At the time of Wesley’s trial, evidence was considered relevant if it tended to prove or disprove a material fact or shed any light on the guilt or innocence of the accused. Davidson v. State, 558 N.E.2d 1077, 1088 (Ind. 1990). Wesley did not explain to the post-conviction court, nor does he now explain how the use of Isom’s psychiatric records to impeach Isom on “her ability to realistically recall the facts she was testifying to” would tend to prove or disprove his state of mind. Nor has Wesley ever explained how such impeachment would shed any light on his guilt or innocence. At best, Isom’s psychiatric records were only marginally relevant. Counsel’s representation cannot be deemed to have fallen below an objective standard of reasonableness by failing to obtain and use marginally relevant evidence.


In this case Wesley has not carried his burden of demonstrating that the evidence as a whole leads unerringly and unmistakably to a decision opposite that reached by the post-conviction court. Accordingly, we affirm the post-conviction court’s judgment.

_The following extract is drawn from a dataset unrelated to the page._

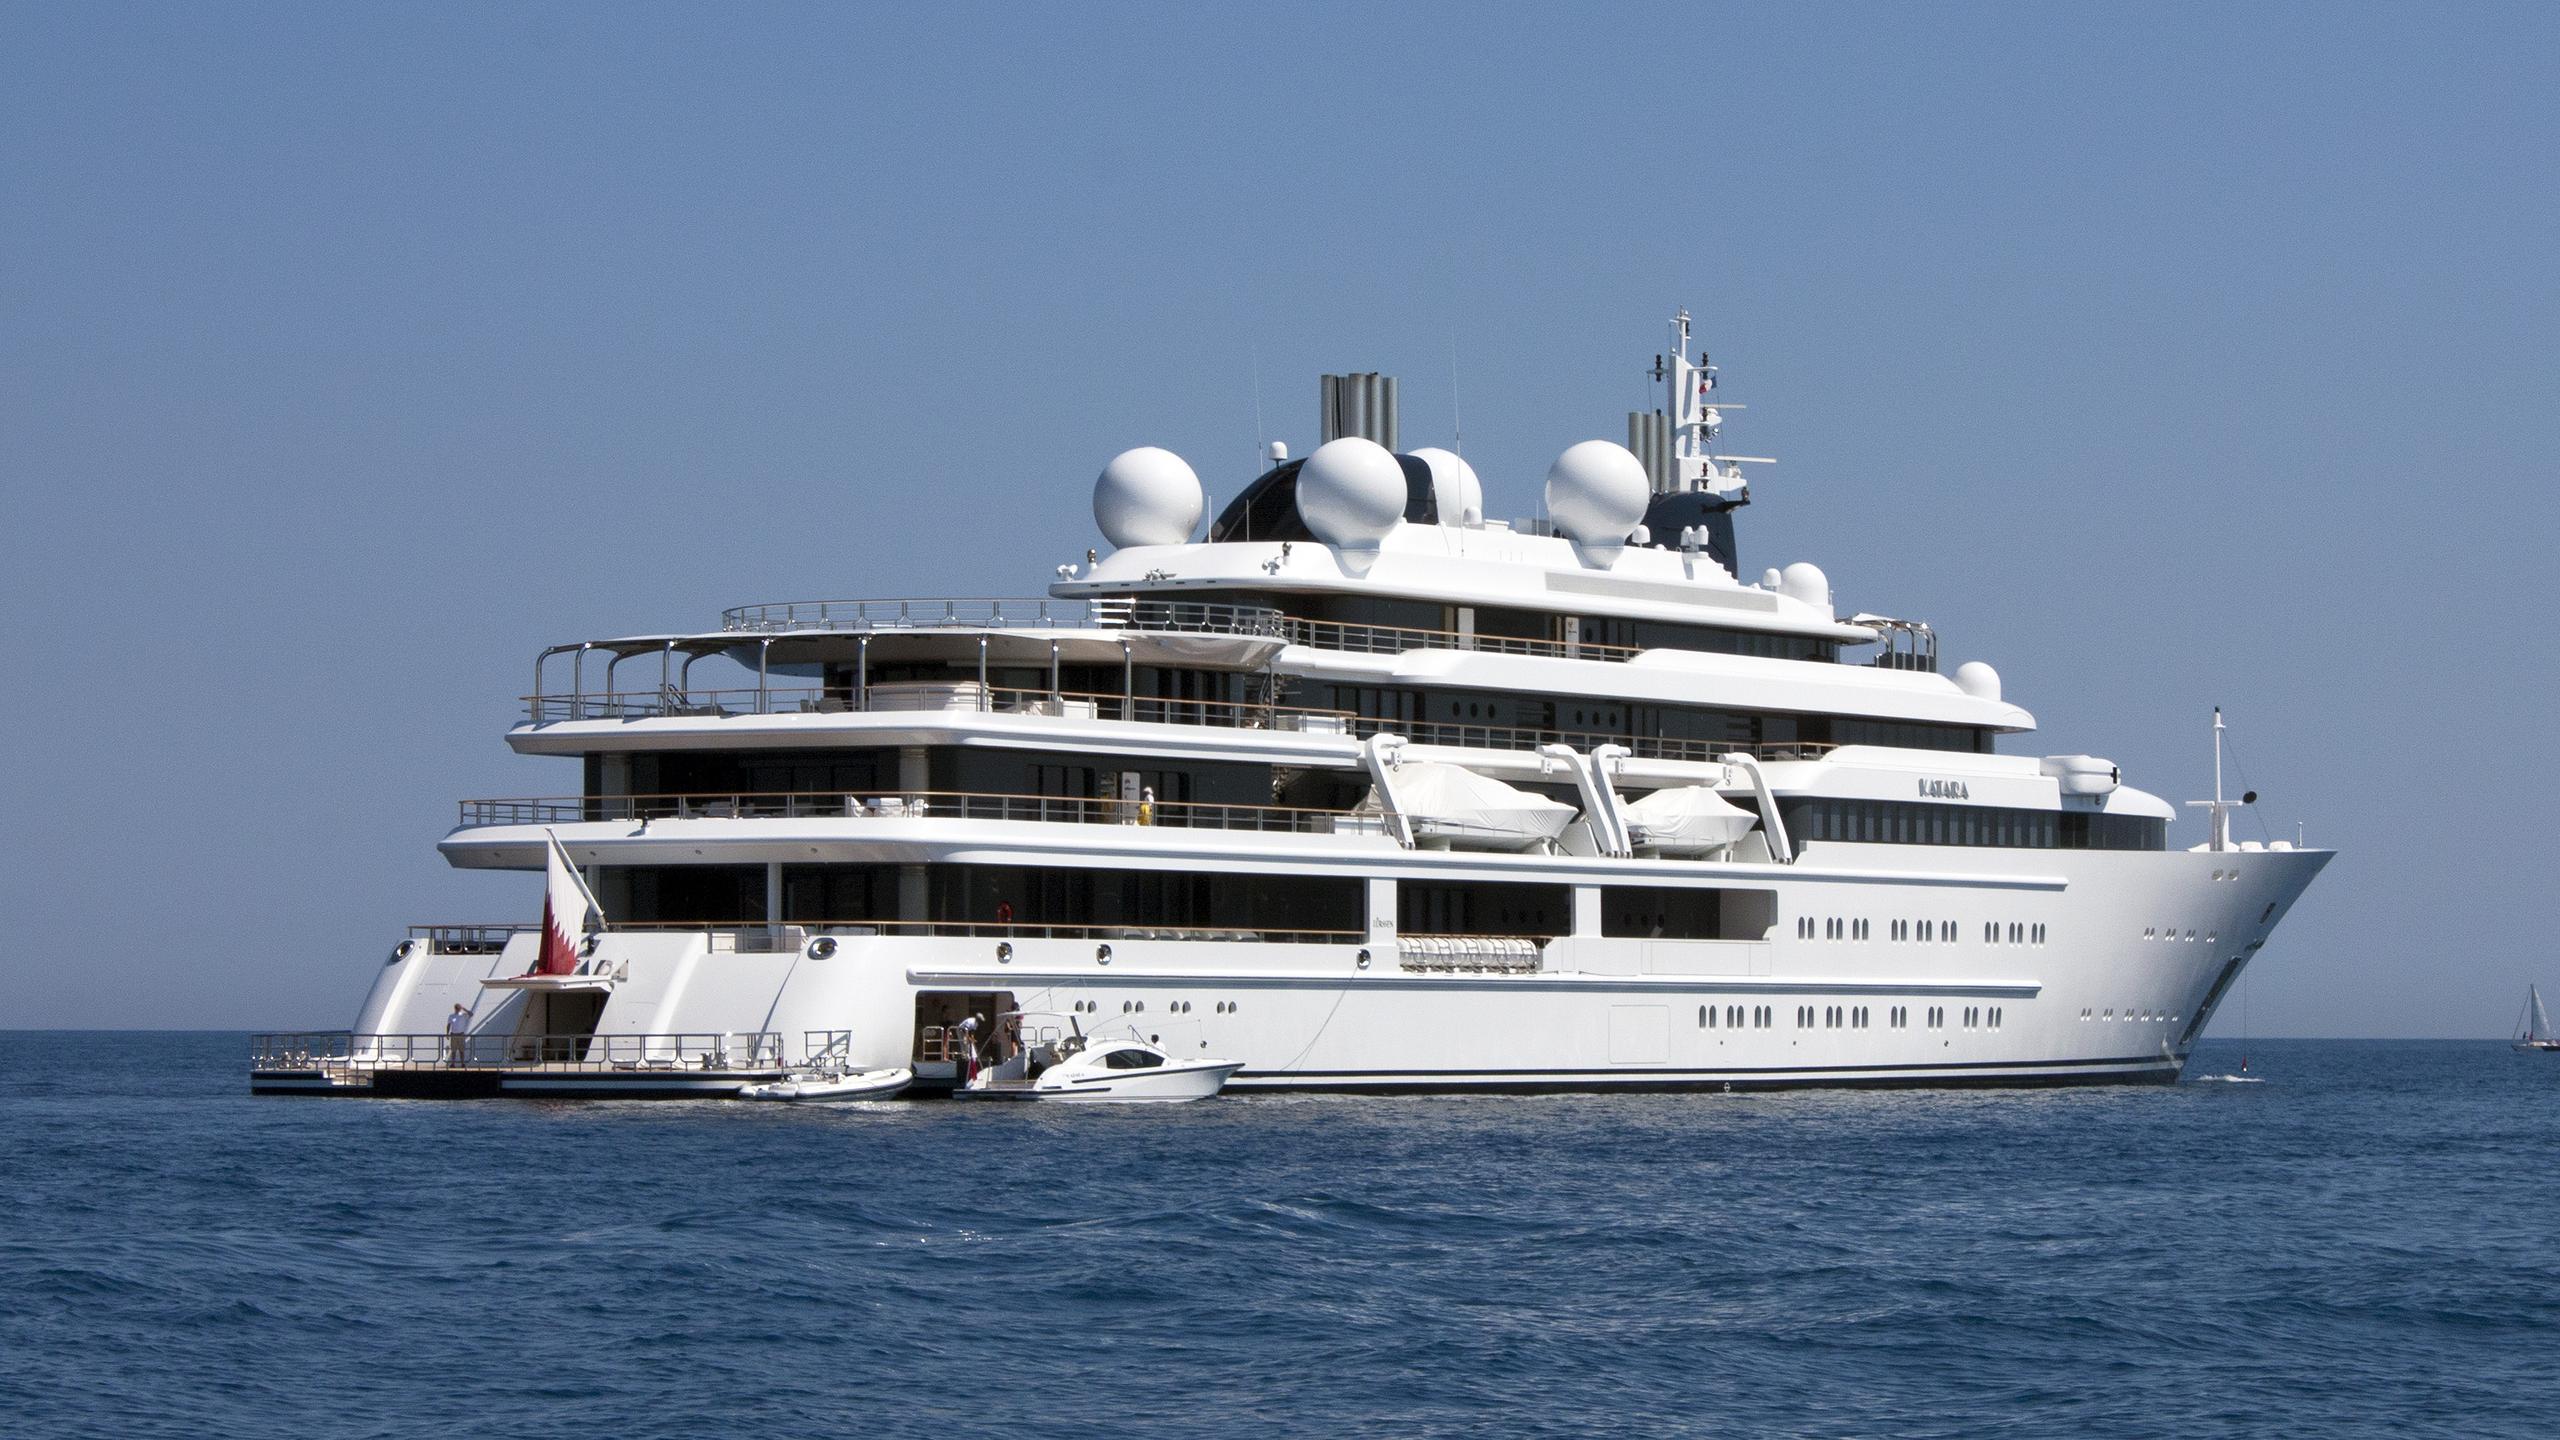 katara-motor-yacht-lurssen-2010-124m-half-profile-1

Footnote: “R.” refers to the trial court record. “P-C R.” refers to the post-conviction court record. “Ex. A” refers to Isom’s psychiatric records introduced at the post-conviction hearing as “Petitioner’s Exhibit A”; the psychiatric records are a part of the post-conviction record, but they are not consecutively paginated with the rest of the post-conviction record so to avoid confusion we refer to them separately.

Footnote: This charge arose from Isom’s allegation that during the course of the altercation Wesley inserted the barrel of a shotgun into her vagina. The charge was dismissed on the first day of trial when Isom admitted the allegation was not true. Isom testified that she made the allegation because “[Wesley] said he was going to do it, I was going to say that [Wesley] did it.” R. at 187.

Footnote: The guilty verdicts for intimidation and resisting law enforcement related to Wesley’s confrontation with the police. They are not challenged in this appeal.

Footnote: The first twenty-seven pages consist of records from 1996 and 1997. Ex. A at 2-28. Obviously, the records from 1996 and 1997 cannot be a part of the consideration as to whether Wesley’s trial counsel was ineffective for failure to obtain them in 1991.

Footnote: Wesley also claims Isom’s psychiatric records show a history of “self injury.” Br. of Pet’r-Appellant at 9. However, our examination of the record shows not only is this claim speculative, but also the only reference to self injury occurred in 1997 – a date beyond that which is relevant to this appeal. See supra note 4. Apparently Isom was taken to a hospital because of a cut to her head. Isom’s sister informed hospital staff that the cut “may have been a self-inflicted injury.” Ex. A at 12.